F4: Each of the Reporting Person, OrbiMed Advisors, OrbiMed GP, Genesis GP, Advisors III, and Asia GP disclaims beneficial ownership of the securities reported herein for purposes of Rule 16a-1(a) under the Securities Exchange Act of 1934, as amended (the "Exchange Act"), except to the extent of its pecuniary interest therein, if any. This report shall not be deemed an admission that the Reporting Person is a beneficial owner of such securities for purpose of Section 16 of the Exchange Act, or for any other purpose.

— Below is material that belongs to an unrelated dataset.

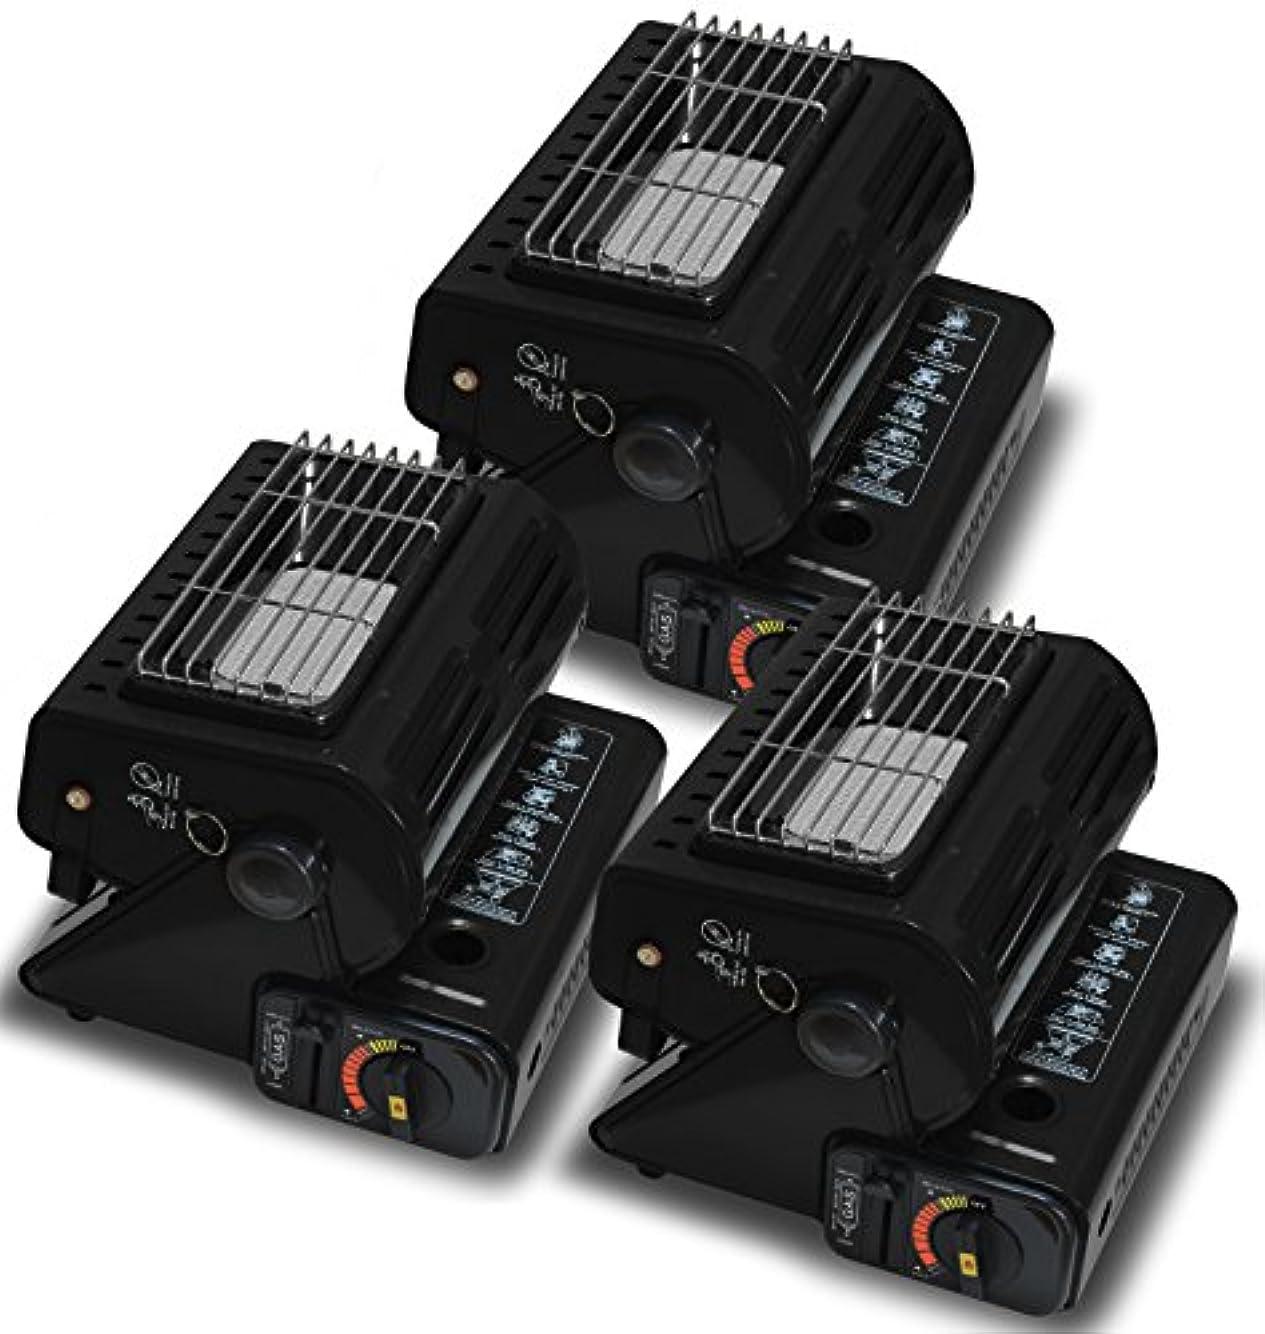 SEIKOH カセットガスストーブ 3個セット A64NBSET3 黒 小型 カセットボンベ式 電源不要 上向き可能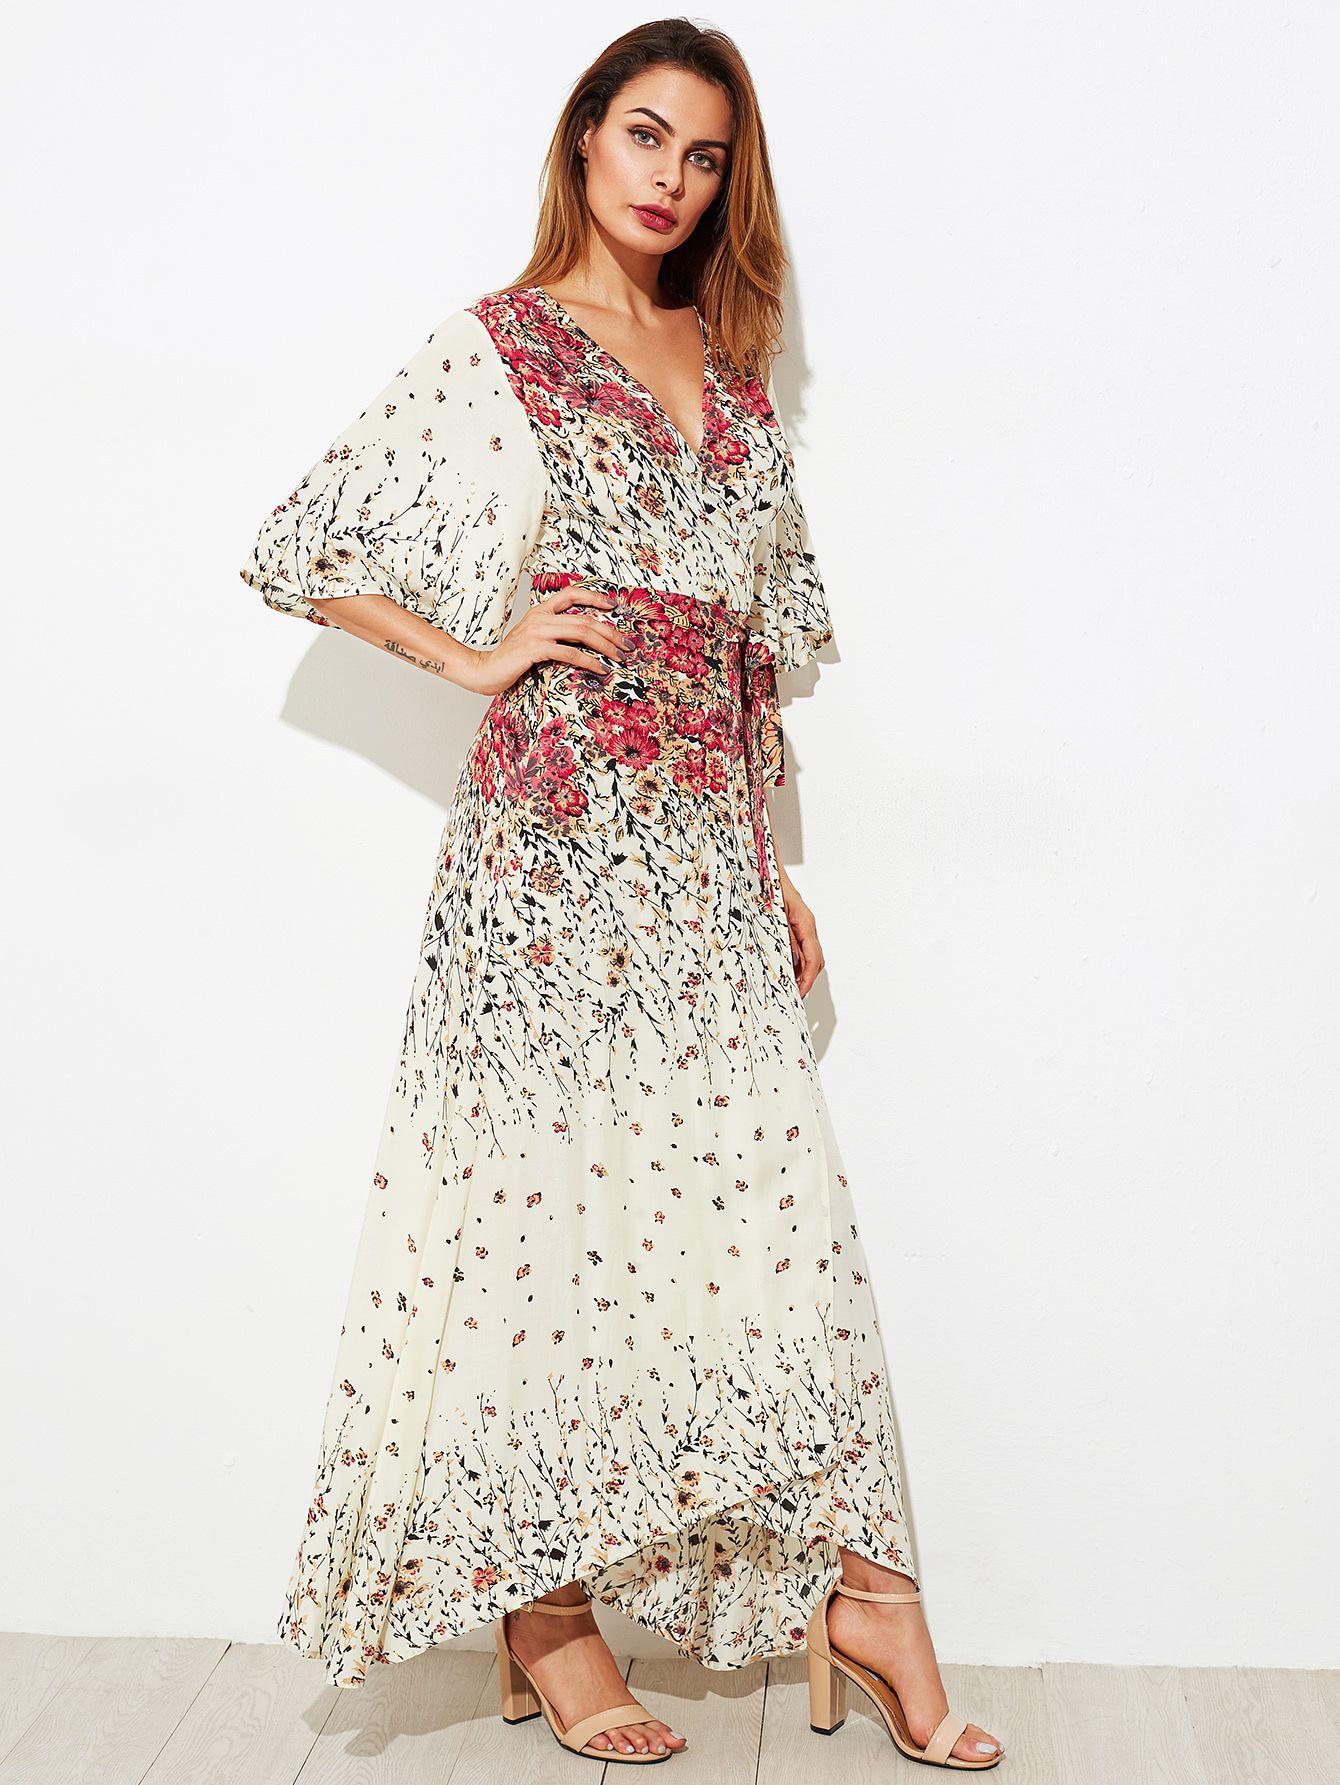 Flower Print Kimono Sleeve Surplice Wrap Dress Dresses Surplice Wrap Dress White Flower Print Dress [ 1785 x 1340 Pixel ]

F5: Each Pre-Funded Warrant will be exercisable for one share of the Issuer's common stock at an exercise price per share of common stock equal to $0.0001 per share, each subject to adjustment in the event of certain stock dividends and distributions, stock splits, stock combinations, reclassifications or similar events affecting the Issuer's common stock. Each Pre-Funded Warrant is exercisable from the date of issuance; provided that a holder will be prohibited from exercising a Pre-Funded Warrant if, as a result of such exercise, the holder, together with its affiliates, would own more than 4.99% of the total number of shares of common stock outstanding or 4.99% of the combined voting power of all of the Issuer's securities, in each case after giving effect to the exercise, which percentages may be changed at the holder's election to a higher or lower percentage not in excess of 19.99% upon 61 days' notice to the Issuer.